Still I can imagine a few ways for a store to post prices without being in the territory of forming binding offers - keep stock only accessible to employees, post obnoxious signs everywhere stating that the prices are for informational purposes and that no offer is implied, require membership for entry with appropriate terms, etc.

Or rather than continuing to run the complexity treadmill trying to escape regulation, stores can just accept that they're bound by laws that were settled quite some time ago, and that their business includes making offers to sell items.

joshuaissac a day ago | parent | prev [-]

> NC law. Does it have an "invitation to treat" practice [...] rather than a legally-binding offer?

Are there any common-law jurisdictions in the world where having products on sale in a supermarket is not generally considered invitation to treat but as an offer to sell?

dotancohen a day ago | parent [-]

What is an invitation to treat, and how does a store with items on the shelf not constitute an offer to sell?

jkaplowitz a day ago | parent | next [-]

The invitation to treat is the store inviting potential customers to treat (engage in commerce) with the store by submitting an offer to buy the displayed items at the listed price, which they usually do by bringing the items to the register or (for more specialized purchases) telling a store employee that they want to buy the item. When the buyer makes the offer, the cashier accepts the offer on behalf of the store by ringing up the purchase, and the buyer performs their end of the contract by paying the price, thereby contractually gaining ownership of their purchase.

One reason it works this way is that treating displayed items as an offer to sell would leave it unclear to whom the offer to sell would be made.

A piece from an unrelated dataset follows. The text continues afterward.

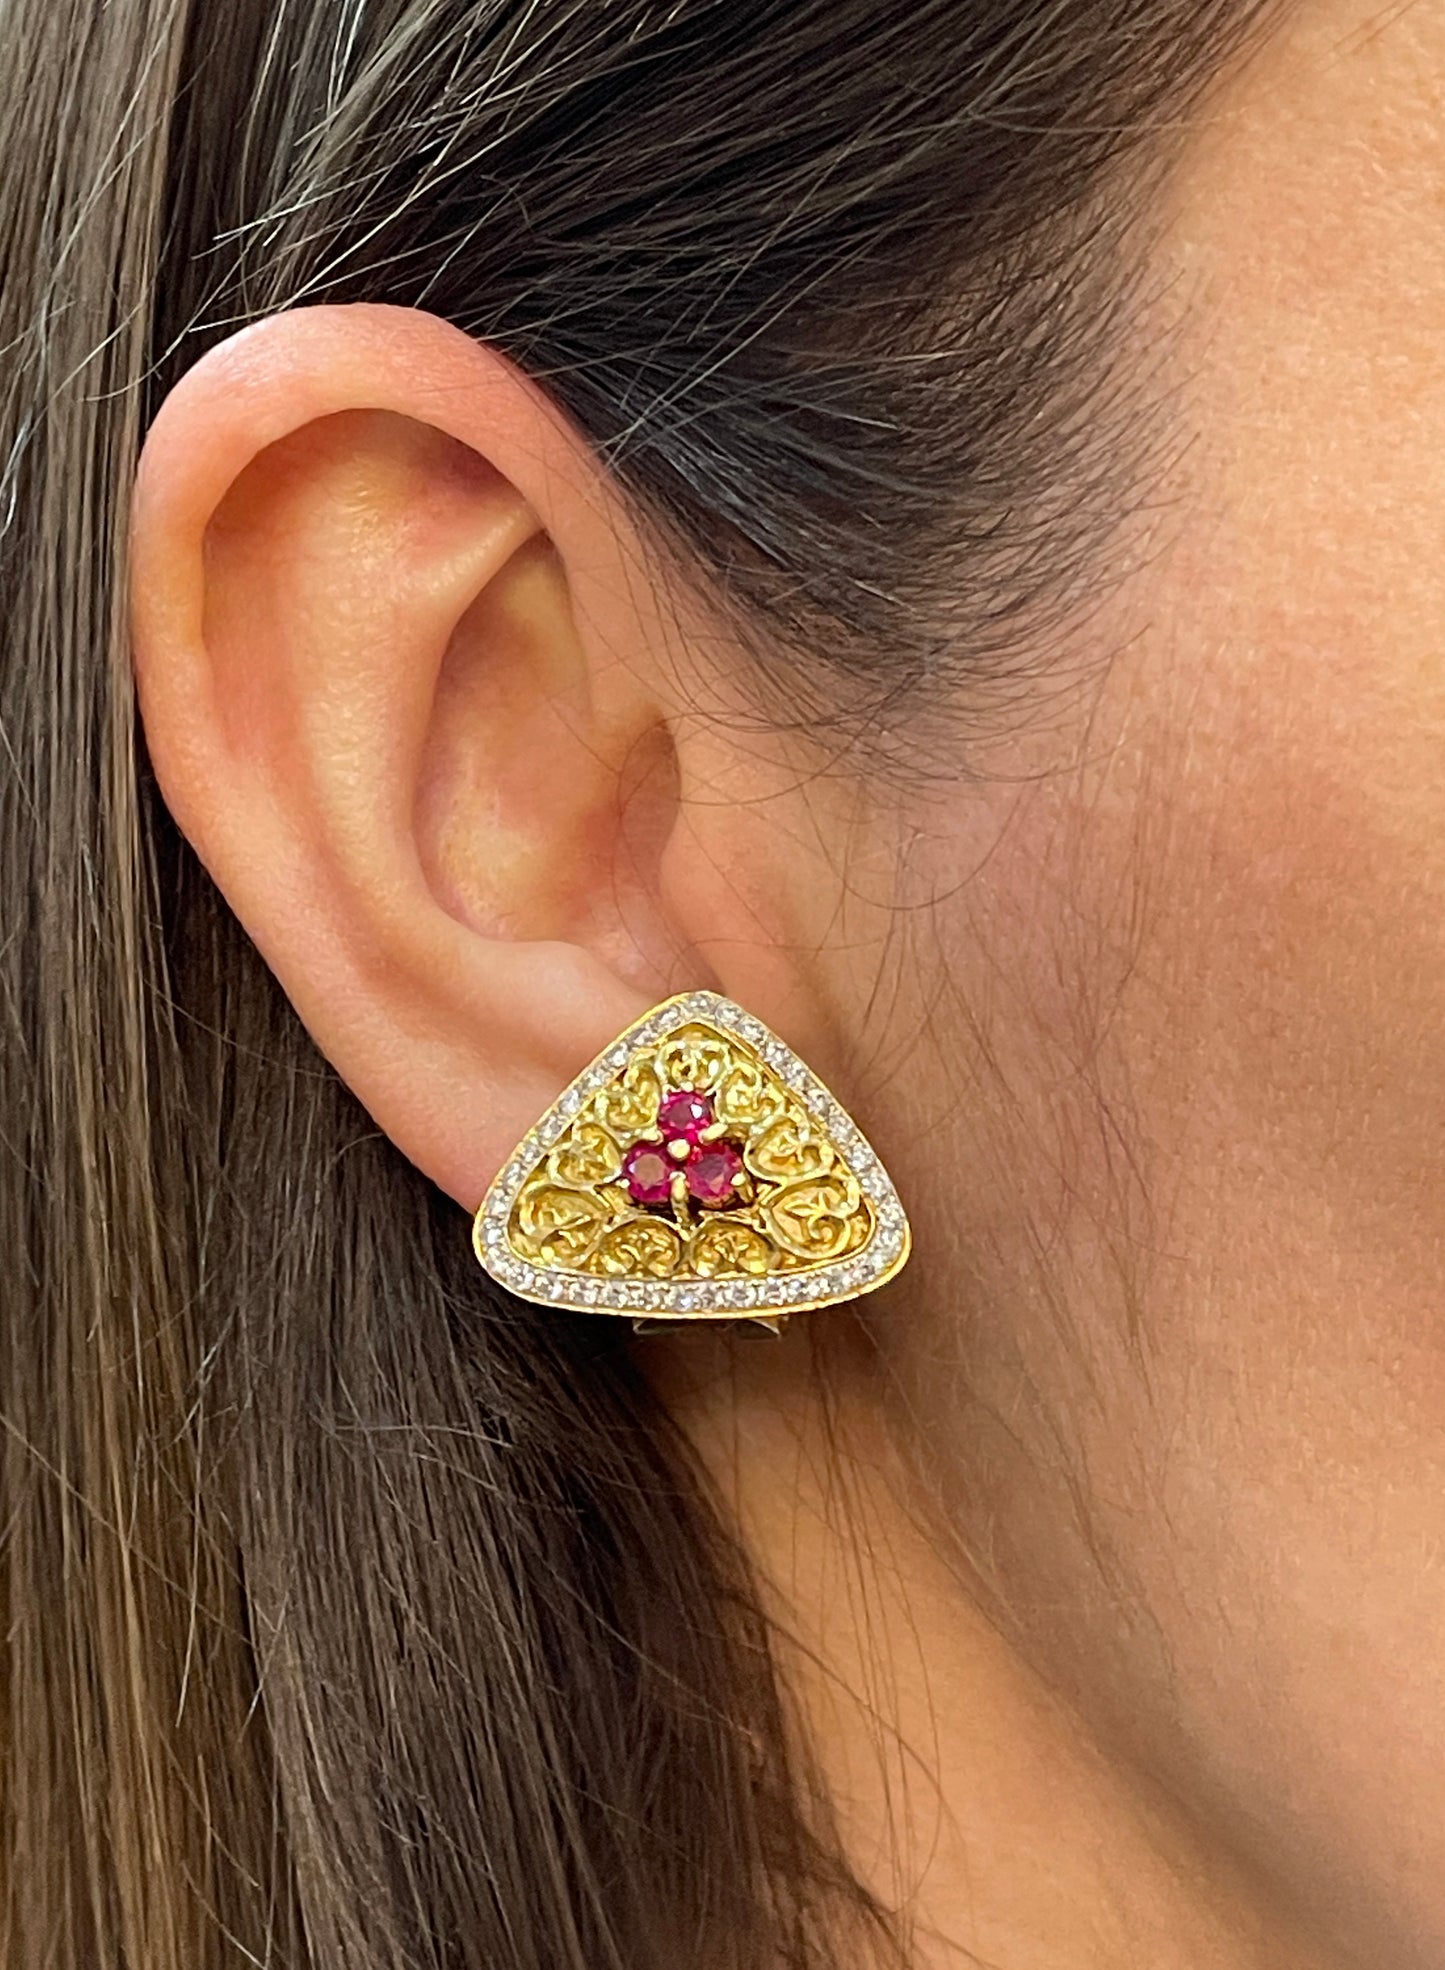 Ruby and Diamond 18 Carat Yellow Gold Triangular Earrings

Clearly each item on display can only be sold to one of the many shoppers who sees it, so they can't all be offered the sale. There are several other reasons too, like different customers being offered different terms of sale based on loyalty program membership, promotions, student or senior discounts, etc.

Here is the Wikipedia summary: https://en.wikipedia.org/wiki/Invitation_to_treat

As the article says, the term in various US jurisdictions may be slightly different, like invitation to bargain, but the basic concept is the same. (I'm ignoring Louisiana entirely, which has a completely different legal tradition not derived from English common law.)

dotancohen 20 hours ago | parent [-]

Thank you. The whole process is absurdly over-defined, but I understand why. Bad actors necessitate such wasted energy.

jimnotgym 17 hours ago | parent | prev [-]

It comes from a UK case, Pharmaceutical Society of Great Britain vs Boots Cash Chemist (southern division) from memory.

If the price on the shelf were an offer to sell, then you would be contractually obliged to buy everything you picked up. The offer comes instead from when you pass it to the cashier, which is why I'm saying for the third time on this thread, if you don't like that price walk out and leave the goods at the checkout...see if they find it more fun to put all your goods back, or put the correct prices on the shelf! If a group of people did this at every till the store would be effectively closed.